→ **Exercise**: Please reproduce the lines from the one containing "ROYALIST 1967 10b" through the end of the data below exactly as they stand, and omit all pictures.

-- Available data follows --

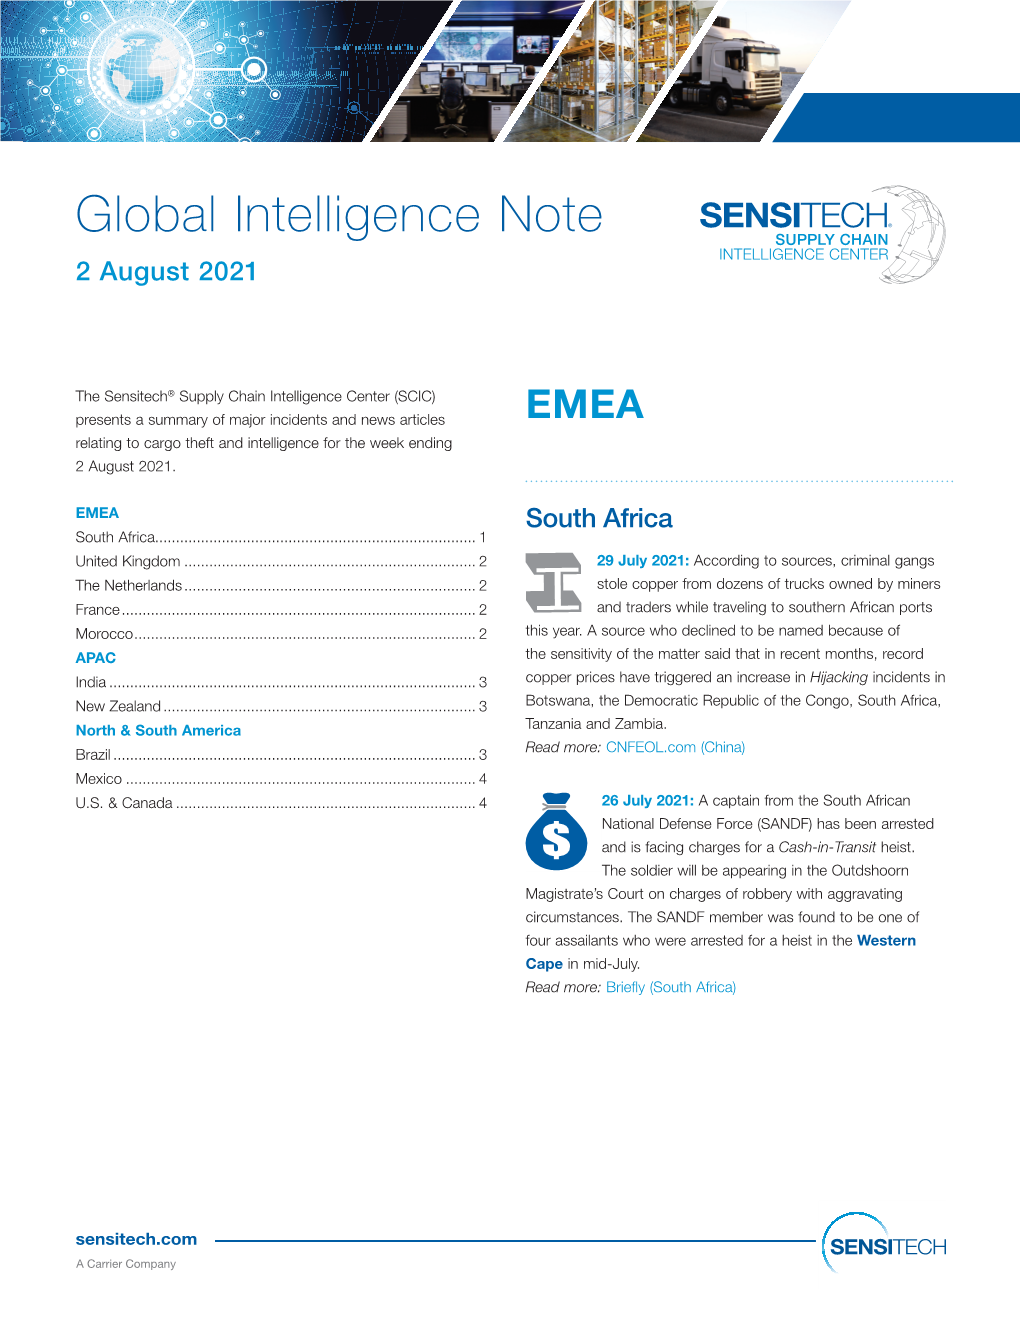 Sensitech SCIC Global Intelligence Note 2 August 2021
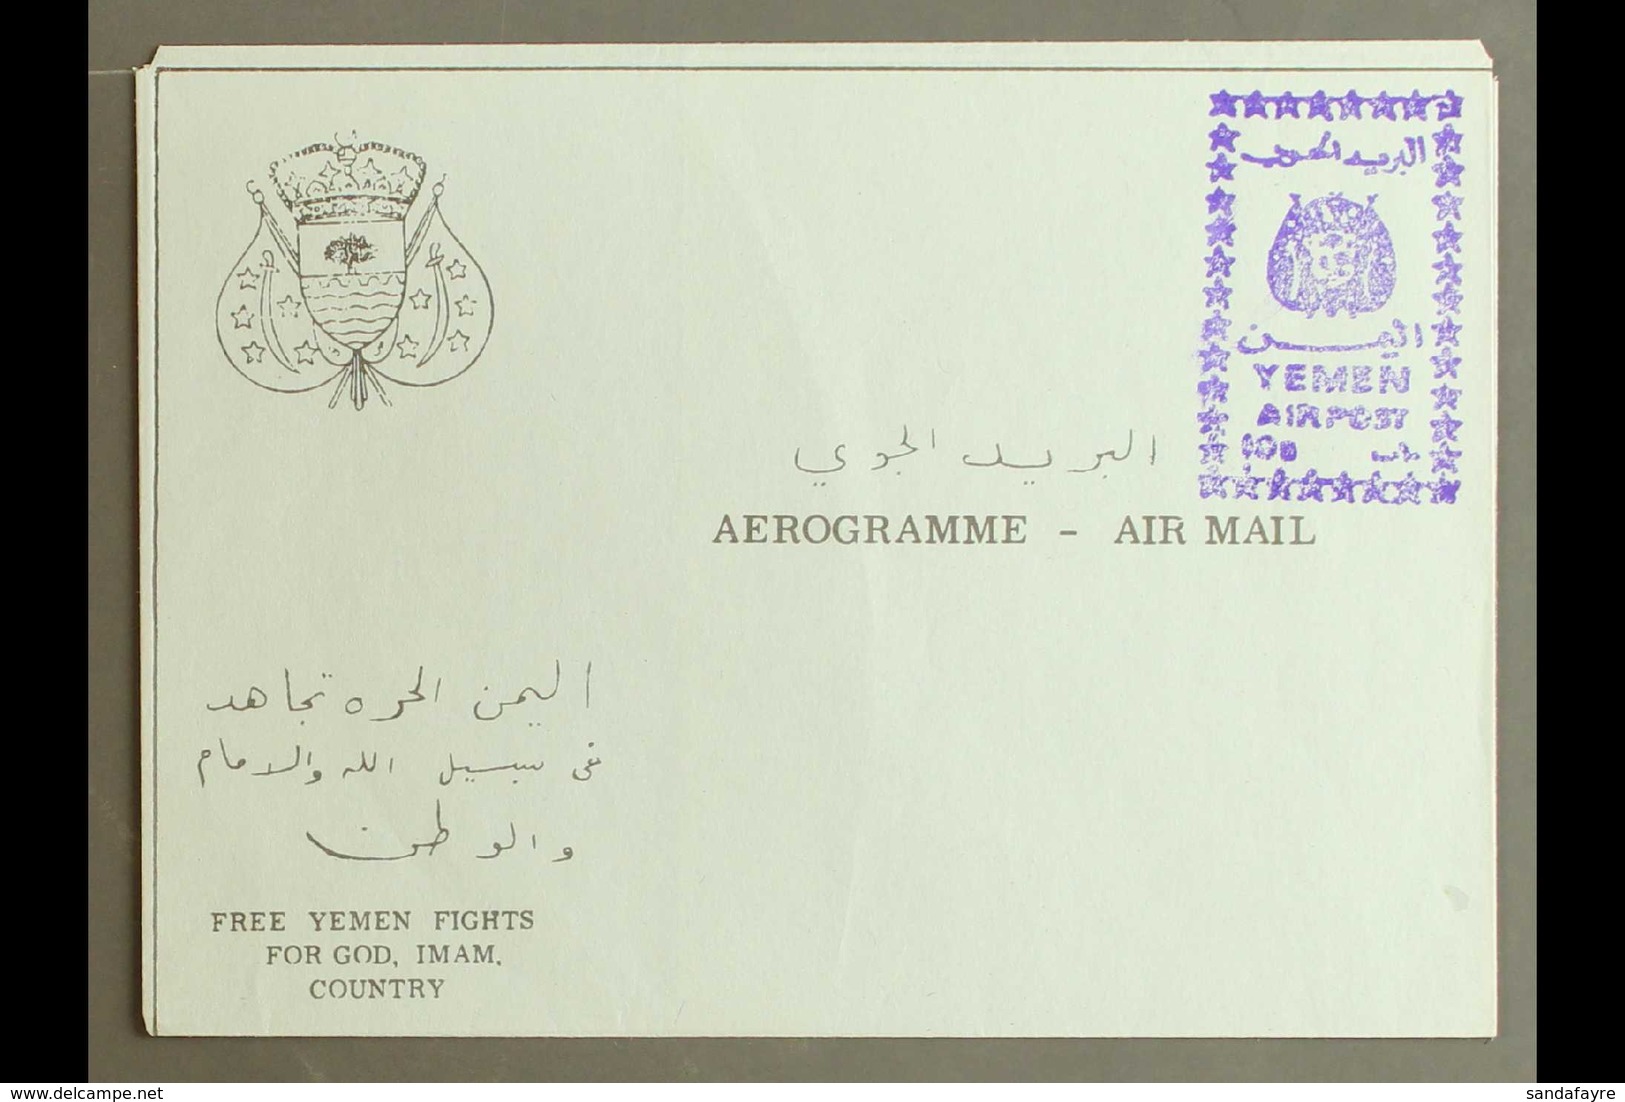 ROYALIST 1967 10b Violet "YEMEN AIRPOST" Handstamp (as SG R135a/f) Applied To Complete Light Blue Aerogramme, Very Fine  - Yemen
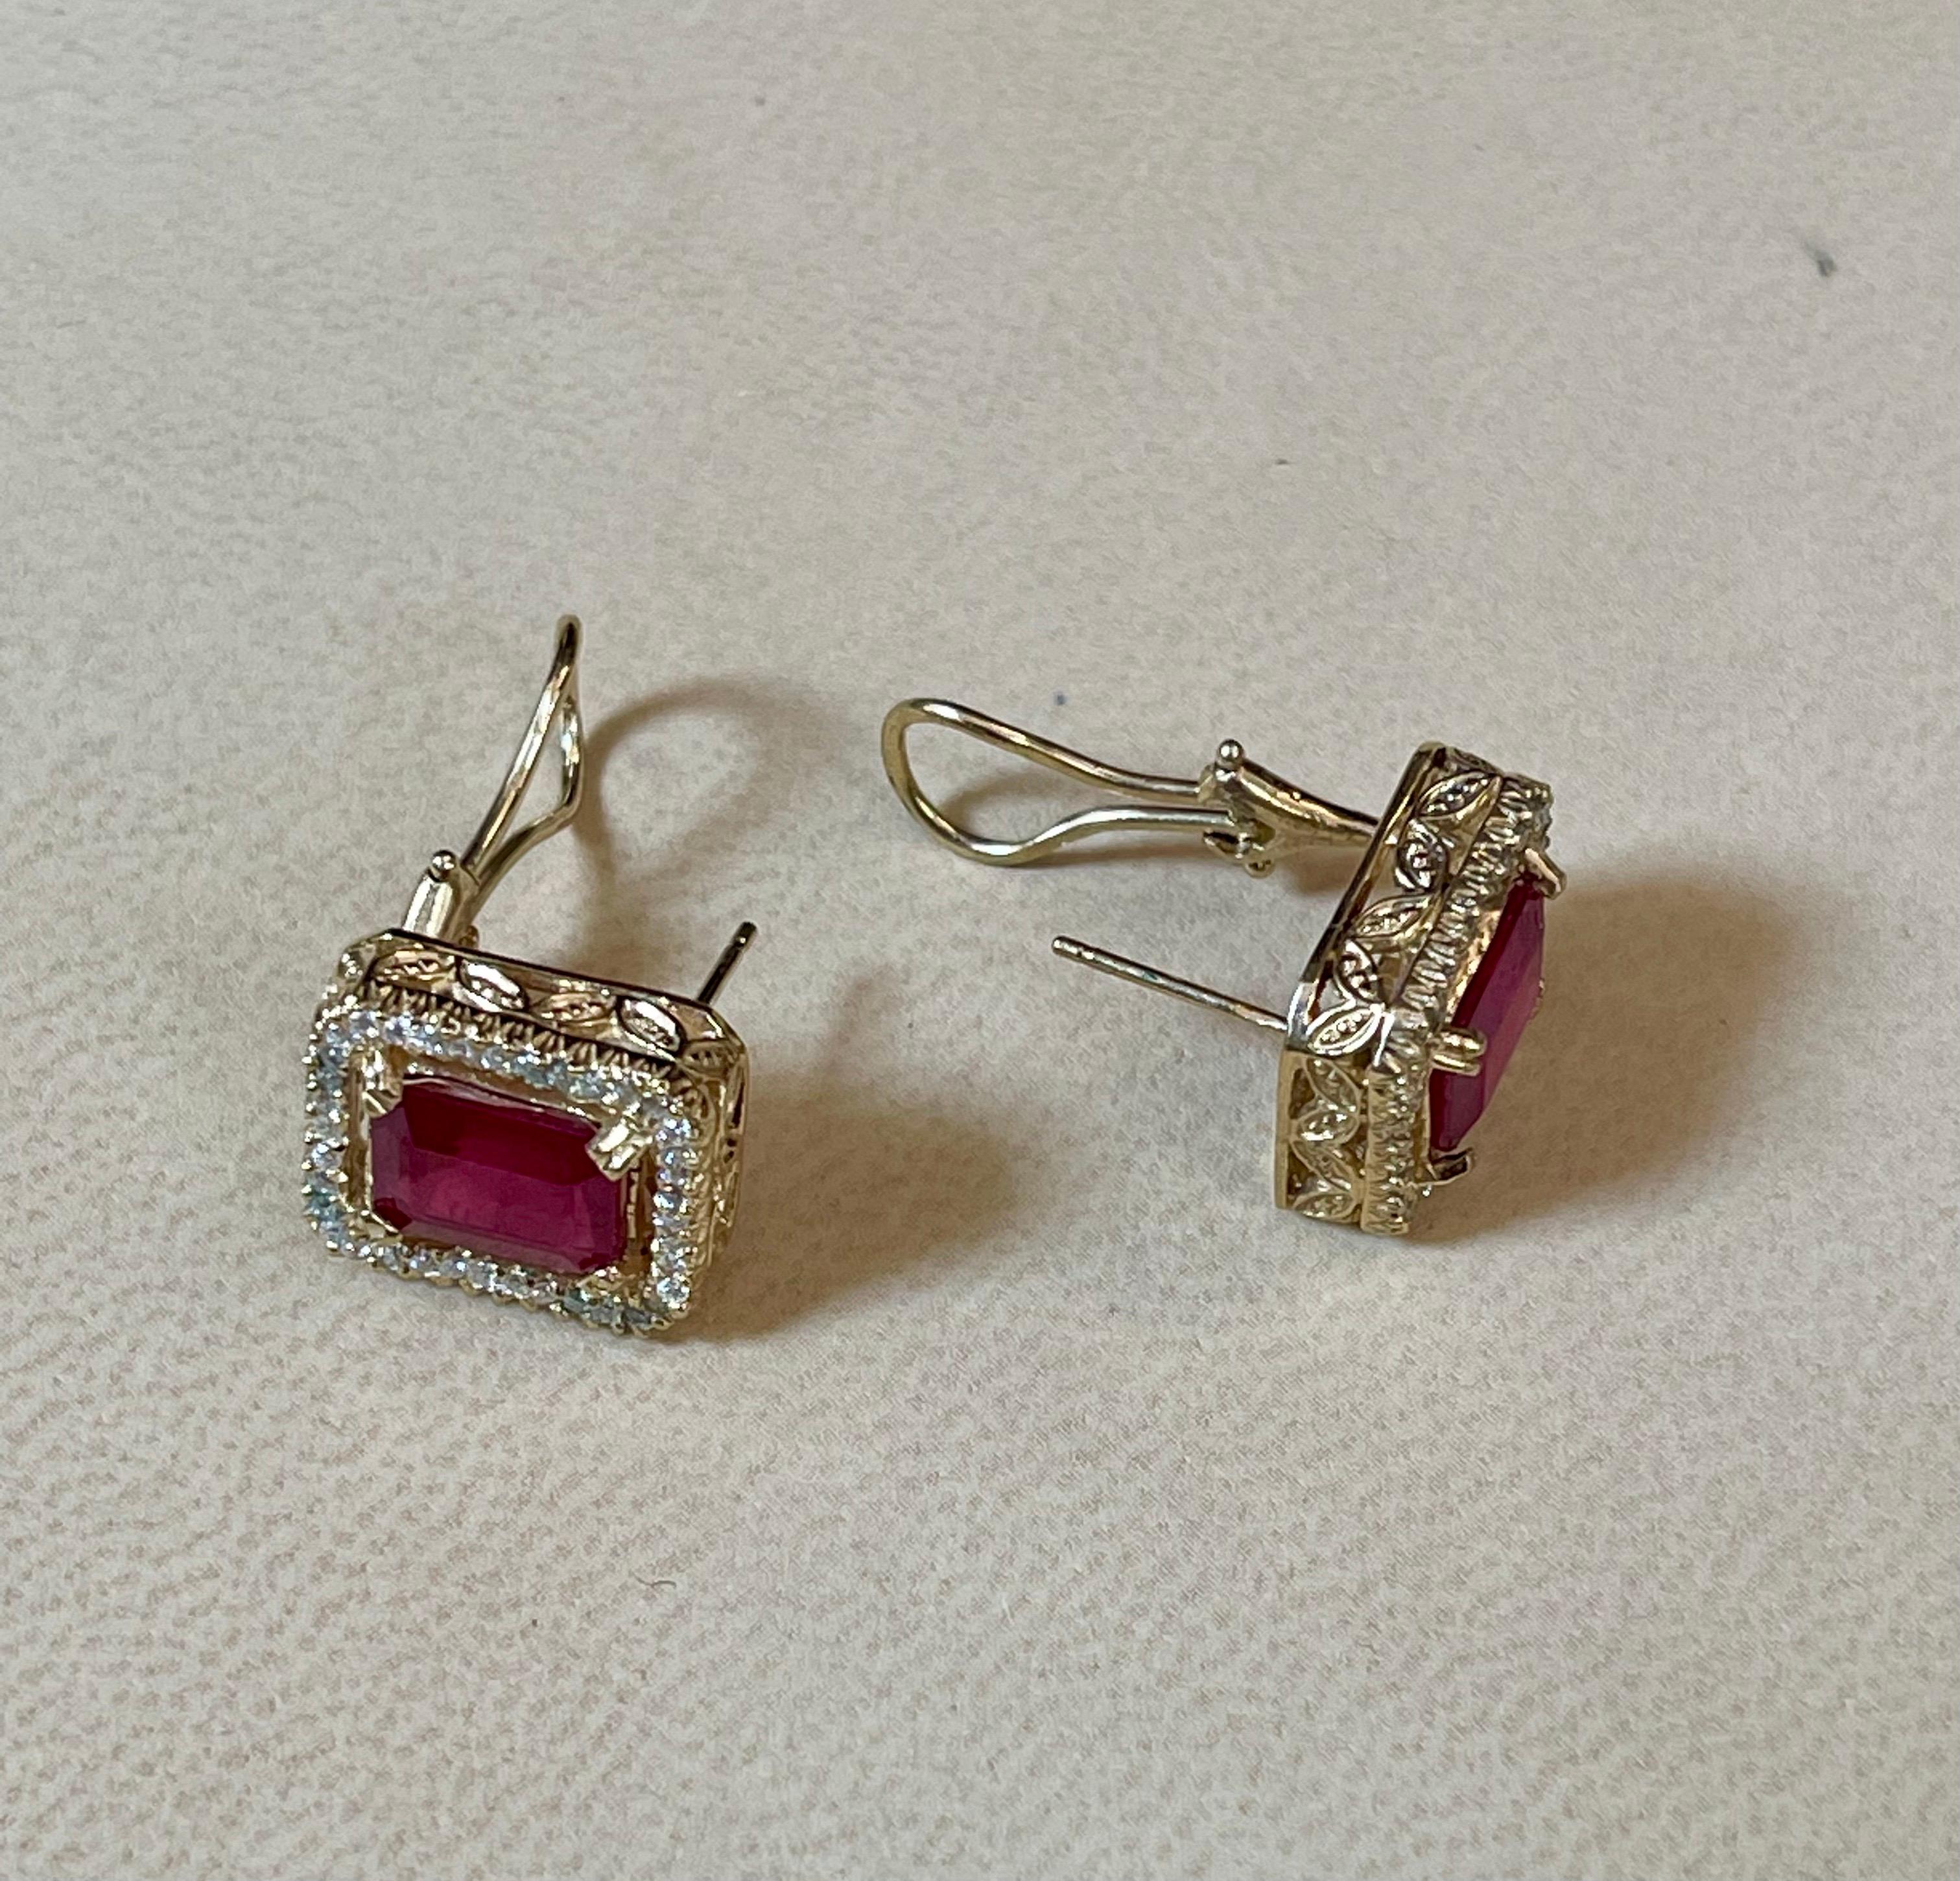 6 Carat Emerald Cut Treated Ruby & .7 Ct Diamond Stud Earrings 14 Kt Yellow Gold 3

-- Available data concluded --

→ **Solution for this task**:
 ROYALIST 1967 10b Violet "YEMEN AIRPOST" Handstamp (as SG R135a/f) Applied To Complete Light Blue Aerogramme, Very Fine  - Yemen
 6 Carat Emerald Cut Treated Ruby & .7 Ct Diamond Stud Earrings 14 Kt Yellow Gold 3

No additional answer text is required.